BTCFi explained: How Elastos uses Bitcoin’s security to power DeFi
18 Março 2025 - 12:11PM
Cointelegraph



The decentralized finance (DeFi) landscape continues to evolve,
and Bitcoin-centric solutions are gaining momentum. BTCFi is an
emerging sector that transforms Bitcoin (BTC) from a passive
store of value into an actively utilized asset in DeFi.
A new report by Cointelegraph Research and
Elastos delves into how Bitcoin’s security helps to create
trustless, scalable financial ecosystems.
Bitcoin’s expanding role in DeFi
DeFi has traditionally been dominated by Ethereum, which
accounts for
over 50% of the sector’s total $175 billion total value locked
(TVL). However, Bitcoin’s strong security and liquidity make it an
attractive foundation for DeFi innovation.
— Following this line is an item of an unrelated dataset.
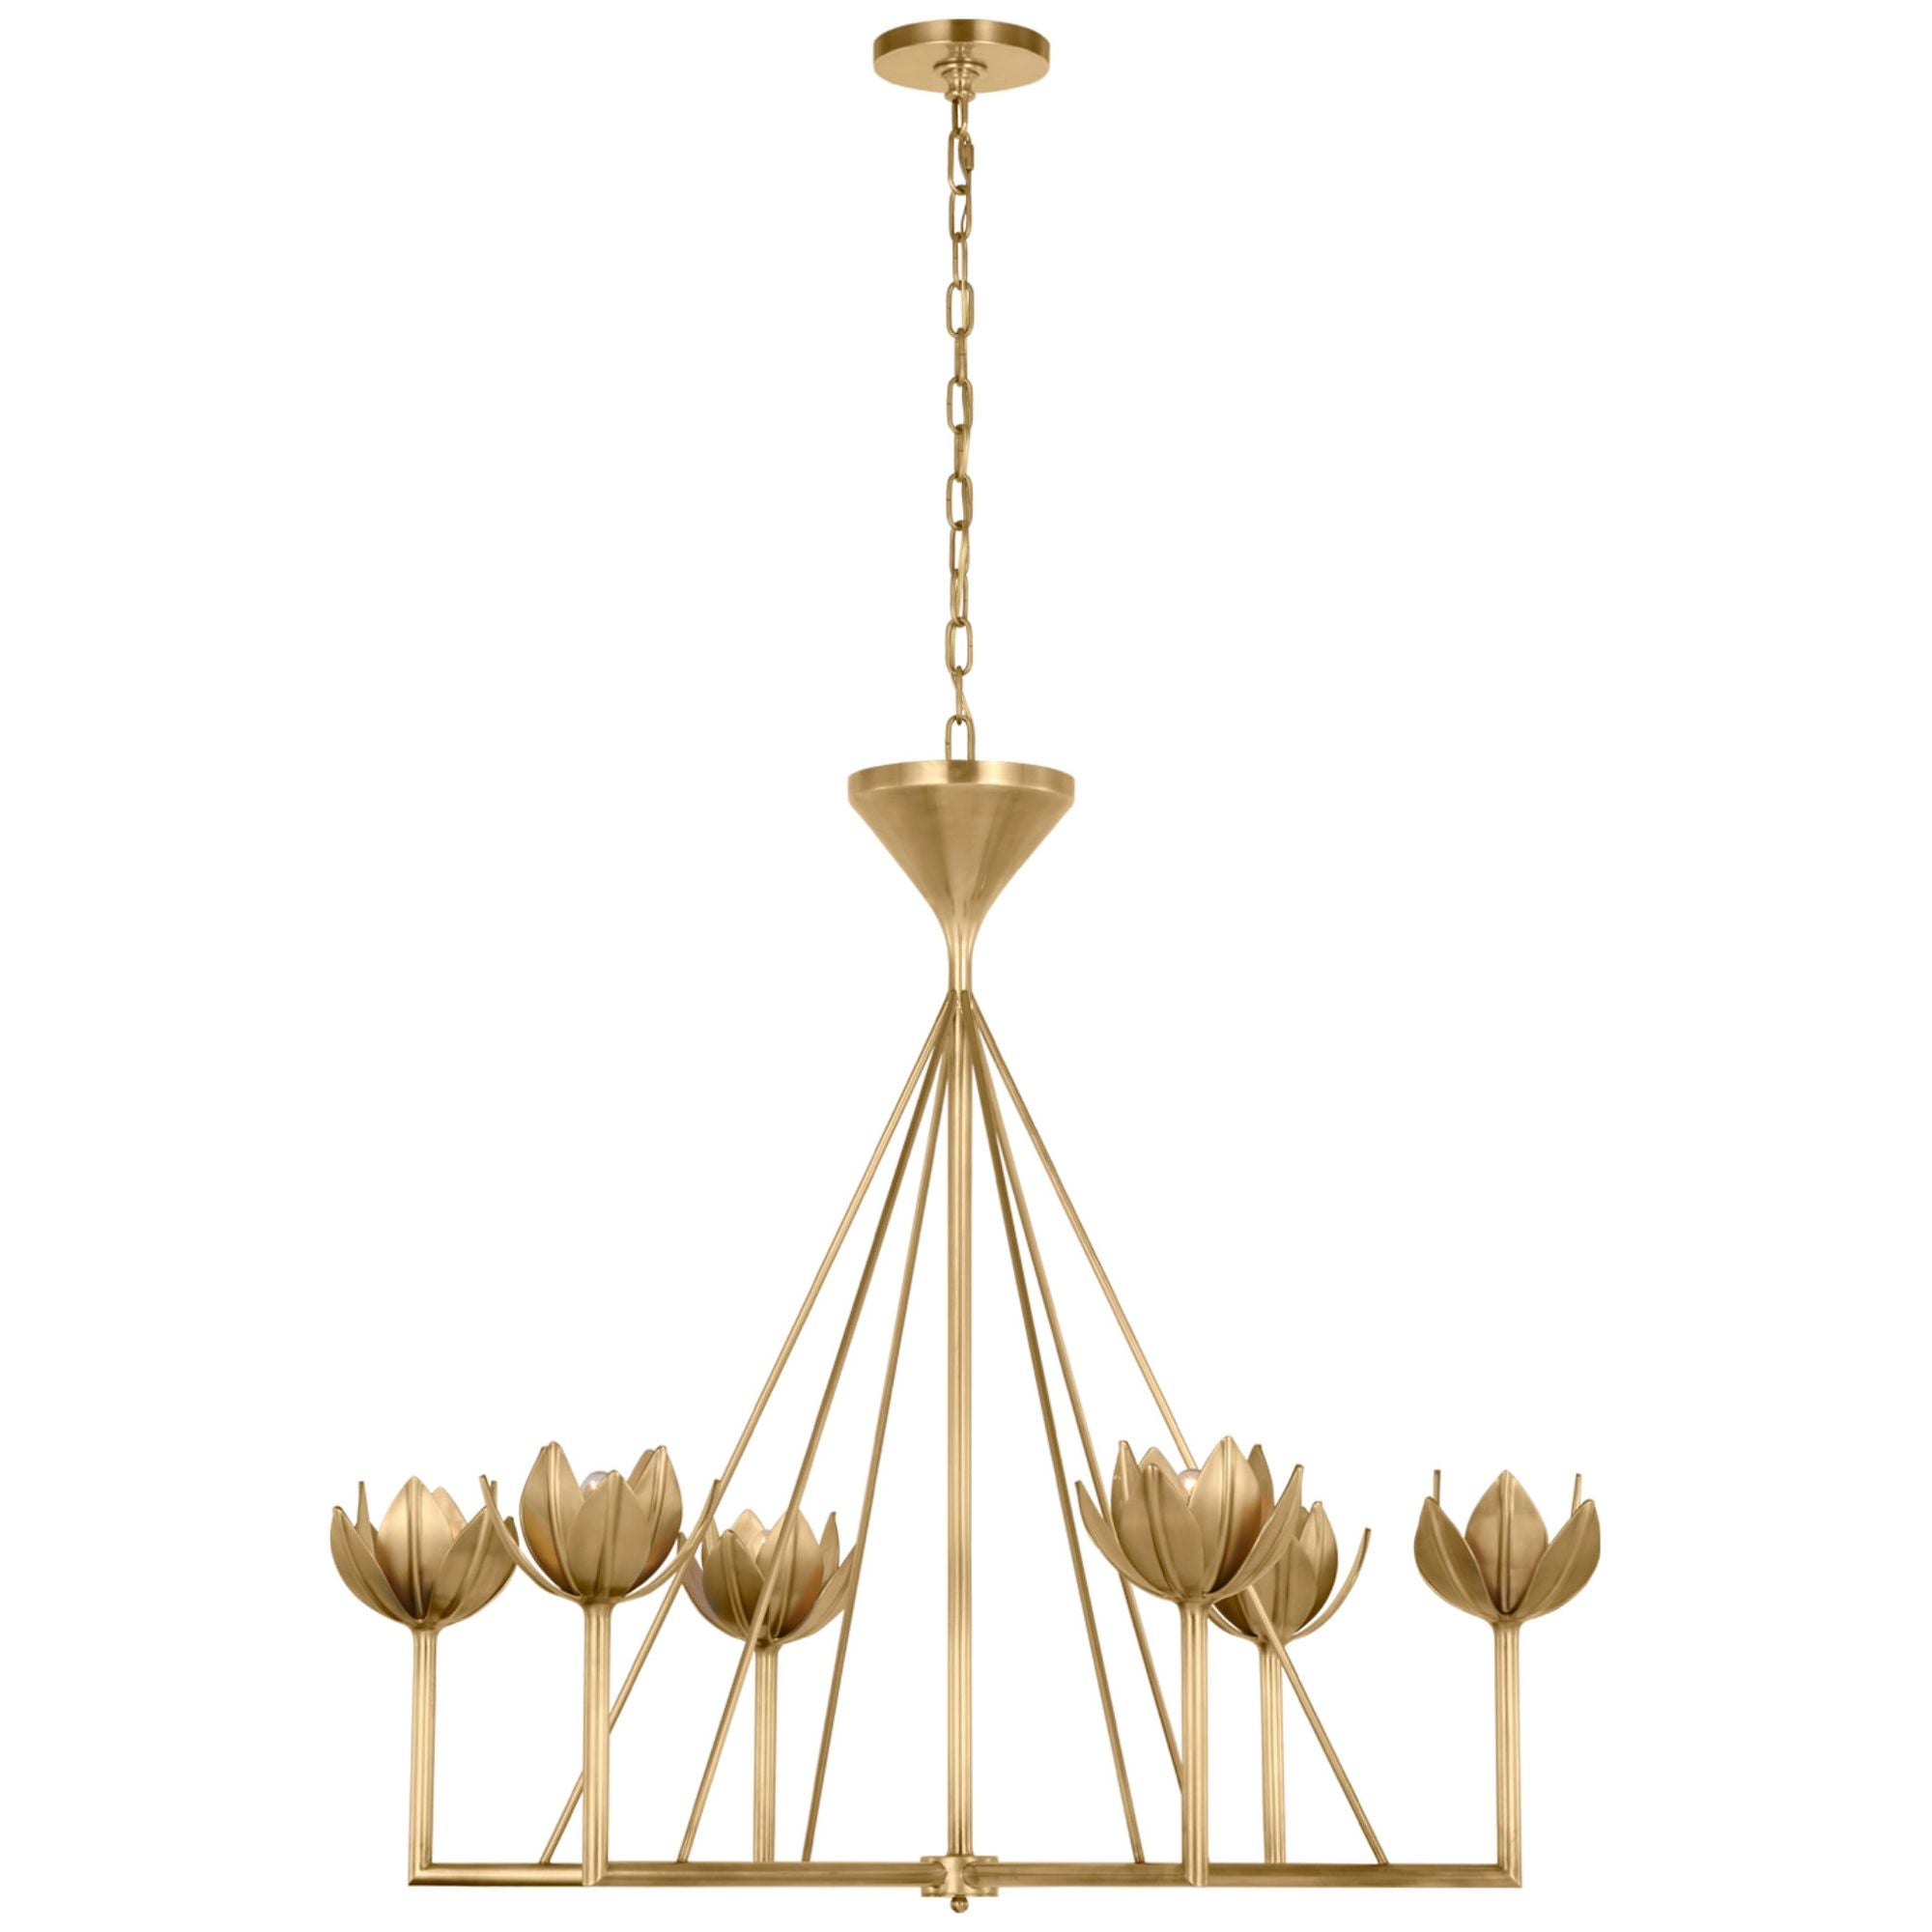 Julie Neill Alberto Large Low Ceiling Chandelier in Antique-Burnished Brass

Despite its strengths, Bitcoin’s lack of native smart contract
functionality has historically limited its role in decentralized
finance. The emergence of Bitcoin-centric
DeFi solutions aims to bridge this gap and enable Bitcoin
holders to participate in lending, stablecoin issuance and
crosschain interoperability without custodial risks.
Elastos: Leveraging Bitcoin’s security for decentralized
applications
Elastos stands out as one of the leading players in this
evolution by incorporating merged mining, a method that allows
secondary blockchains to inherit Bitcoin’s security.
Because approximately 50% of Bitcoin’s total 800 EH/s hashrate secures
Elastos, the platform is positioned as one of the most
computationally robust Bitcoin-linked networks. This ensures that
financial applications built on Elastos maintain a level of
security akin to that of Bitcoin itself.
At the core of Elastos’ infrastructure is its Elastic
Consensus model, a hybrid mechanism that integrates auxiliary
proof-of-work, bonded proof-of-stake, and
proof-of-integrity.
This multi-layered approach enables Elastos to provide secure,
scalable financial services and enhances its appeal for DeFi
applications. The Elastos Smart
Chain, an Ethereum Virtual Machine-compatible sidechain,
facilitates the development of decentralized applications (DApps)
to ensure seamless integration with the broader DeFi ecosystem.
BeL2: A breakthrough for BTCFi
A major highlight of the report is the BeL2 Arbiter Network,
designed to bring trustless Bitcoin transactions into DeFi. BeL2
leverages zero-knowledge proofs (ZKPs) to verify Bitcoin
transactions on the Elastos and Ethereum networks without relying
on centralized custodians.
This mechanism allows Bitcoin to be used in DeFi protocols
without
synthetic assets or intermediaries and addresses a
long-standing challenge in BTCFi.
This model has already attracted institutional interest. An
initiative
led by students and alumni of Harvard University is developing a
BTC-backed stablecoin using BeL2. The platform also supports
decentralized lending that allows Bitcoin holders to collateralize
loans in stablecoins while retaining exposure to BTC’s price
appreciation.
Elastos’ market position and future potential
Elastos’ BTCFi approach competes with established Bitcoin DeFi
solutions such as Stacks and Rootstock. Stacks primarily benefits
from Bitcoin finality, and Rootstock focuses on EVM compatibility,
while Elastos distinguishes itself by combining high security (via
merged mining) and crosschain interoperability. This positions
Elastos as a formidable player in the BTCFi landscape.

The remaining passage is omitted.